Smith & Nephew falls short of expectations due to COVID-19 headwinds
- Sales across Smith & Nephew slumped in the second quarter, causing first-half trading profit to miss the analyst consensus by $53 million.
- In results posted Wednesday, Smith & Nephew said surgery volumes rebounded throughout the quarter but, with Europe and the ear, nose and throat (ENT) unit recovering slower than other areas, COVID-19 is still impacting its major markets.
- While CEO Roland Diggelmann called July a “good” month, he opted against sharing guidance in light of ongoing uncertainty about the speed and durability of the recovery.
Smith & Nephew shared an early look at the effect of the coronavirus pandemic on medtechs in May, when it revealed sales fell 47% in April as the U.S. and other key markets stopped elective procedures. Earlier this month, the company said performance improved in May and June, when sales fell 27% and 12%, respectively, but held off on sharing profit data until Wednesday’s second quarter and first half 2020 results.
After stripping out exceptional and one-off items, Smith & Nephew posted a first-half profit of $172 million, compared to analyst consensus of $225 million. Shares in the company opened down 5% in early trading in London.

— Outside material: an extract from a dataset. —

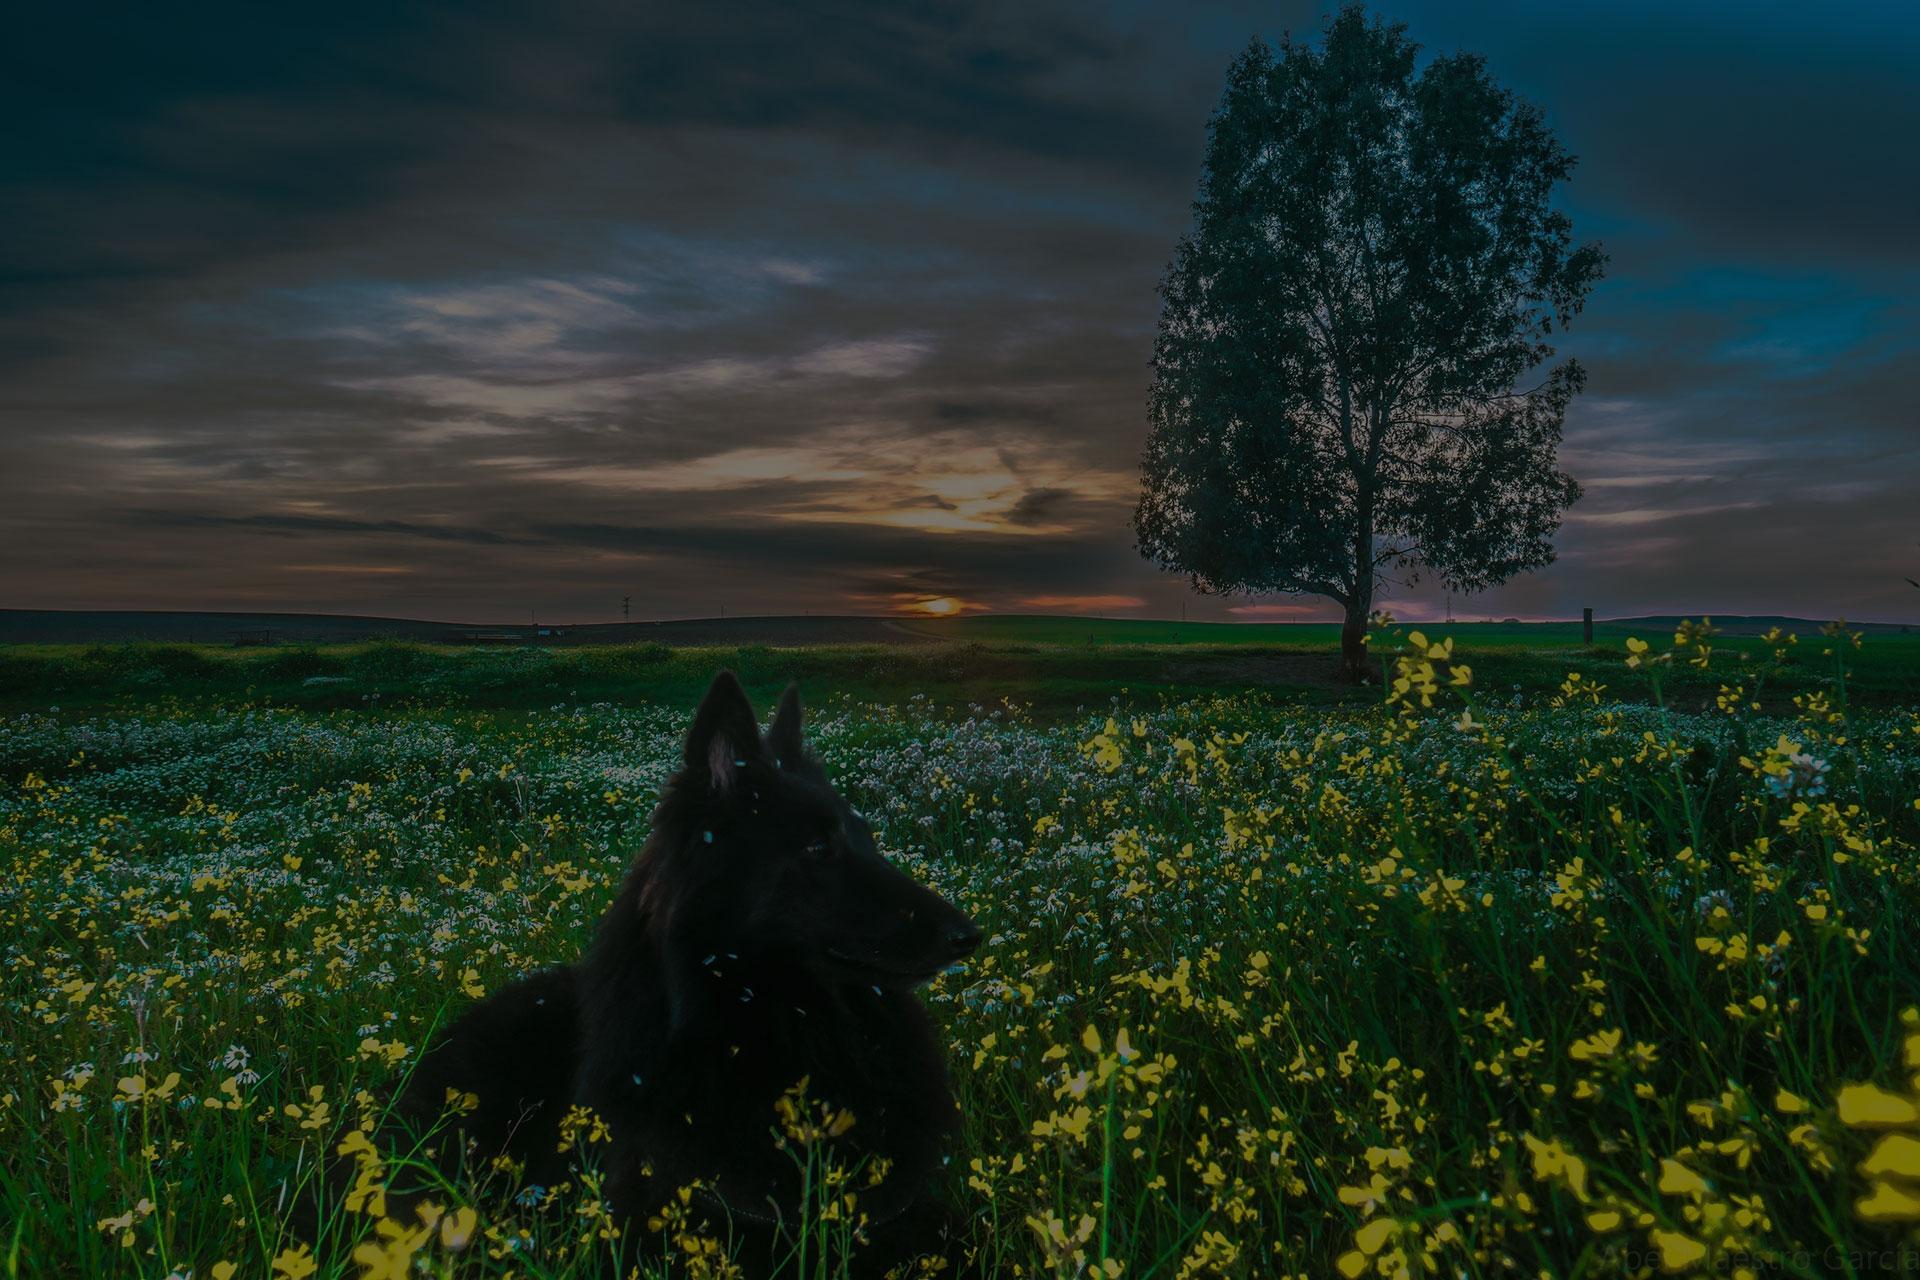 Black Canine Close Up Belgian Sheepdog Dog Pet
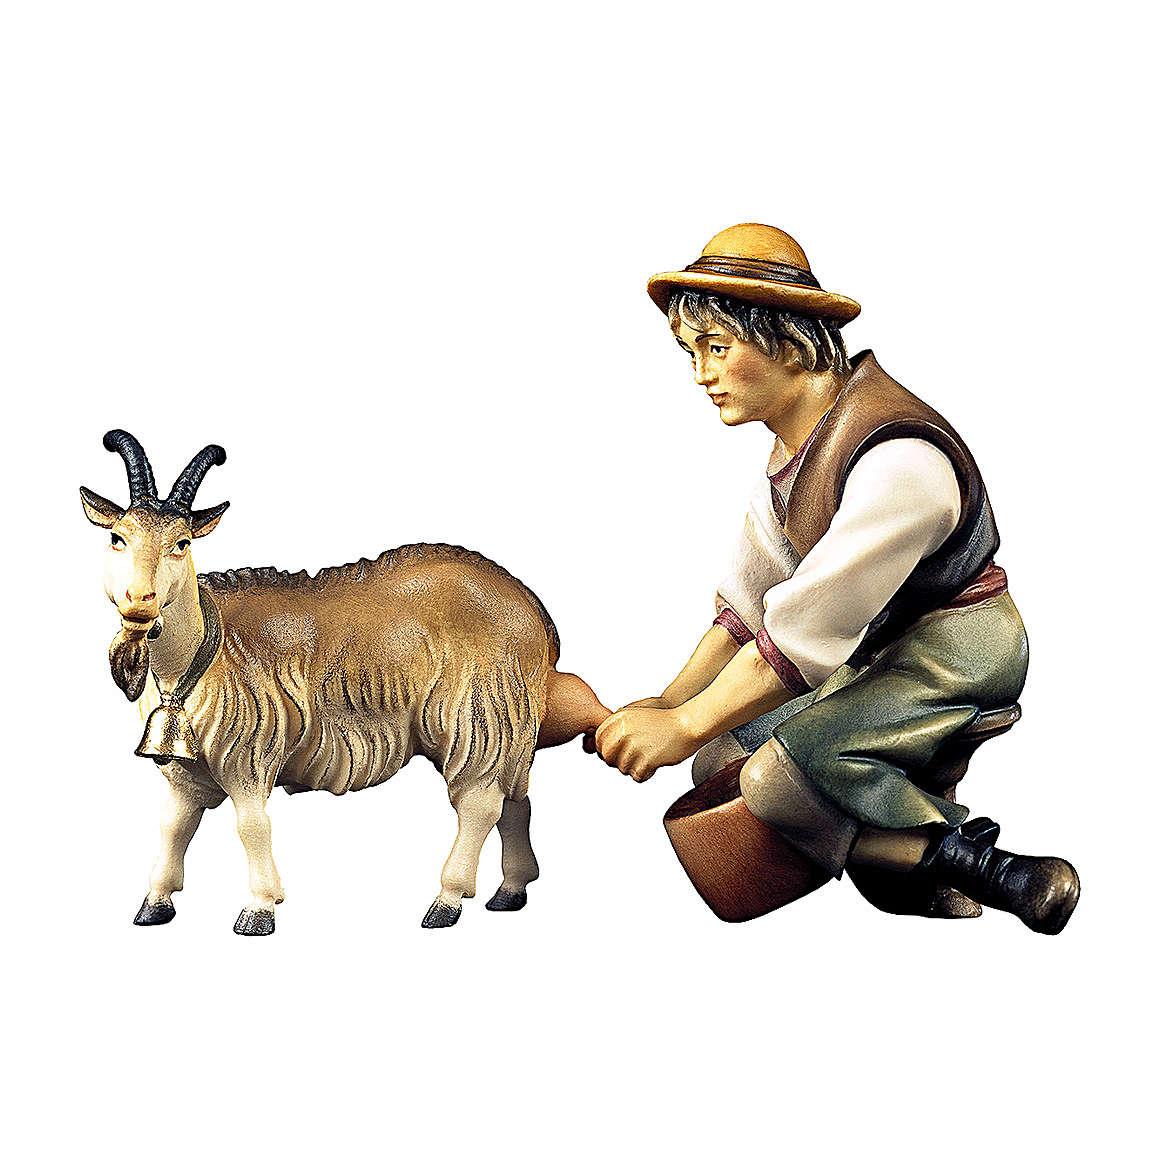 Pastore che munge una capra per presepe Original legno dipinto in Val Gardena 12 cm 4

Despite $150 million in cost saving measures taken by the medtech, its financial performance reflects the effect of the pandemic on factors including sales and factory utilization. Smith & Nephew’s knee unit took the biggest hit, recording a 47% drop in sales, but all its businesses suffered double-digit declines.
Still, the size of the declines shrunk across the quarter, with orthopaedic sales down 10% in June compared to 58% in April. The trend reflects the return of elective procedures in the U.S., Australia, Germany, Japan and China, all of which reached more than 80% of expected levels by June. The U.K. is the one major laggard. Surgery volumes in that country are beginning to return but are still at 35% of normal.
Diggelmann told investors Wednesday he expects the recovery in Europe to be relatively slow due to “the more public nature of the healthcare systems, the condition of some systems before the crisis and differences in incentives, in particular compared to the U.S.”
Nonetheless, the CEO said the overall situation is improving, pointing to July as a “good” month. While there is still a lot of uncertainty, he contends the trend is generally positive and could accelerate in the coming quarters citing “pent-up demand.”
That pent-up demand reflects the ongoing slump in activity in some of the markets served by Smith & Nephew. ENT case volumes “remain low,” Diggelmann said, amid “understandable caution” about restarting ear, nose and throat procedures. ENT sales fell 44% in the quarter.
Smith & Nephew is also contending with “slower and more cautious decision making around larger investments” by hospitals, he noted. The reticence of hospitals to make large purchases has caused the company’s consumables businesses to rebound faster than the capital components of its operation, but Diggelmann expects the impact to be temporary. Despite the disruption, Smith & Nephew made the first sales of its recently launched robotic CORI Surgical System in the quarter.
The company moved into robotics through its 2015 takeover of Blue Belt Technologies and is still “very actively” looking for additional takeover targets, Diggelmann said. COVID-19 had no effect on the focus of the search, meaning Smith & Nephew continues to look for tech to sell through its existing commercial footprint, but he acknowledged the pandemic means “there may be some distressed assets here and there.”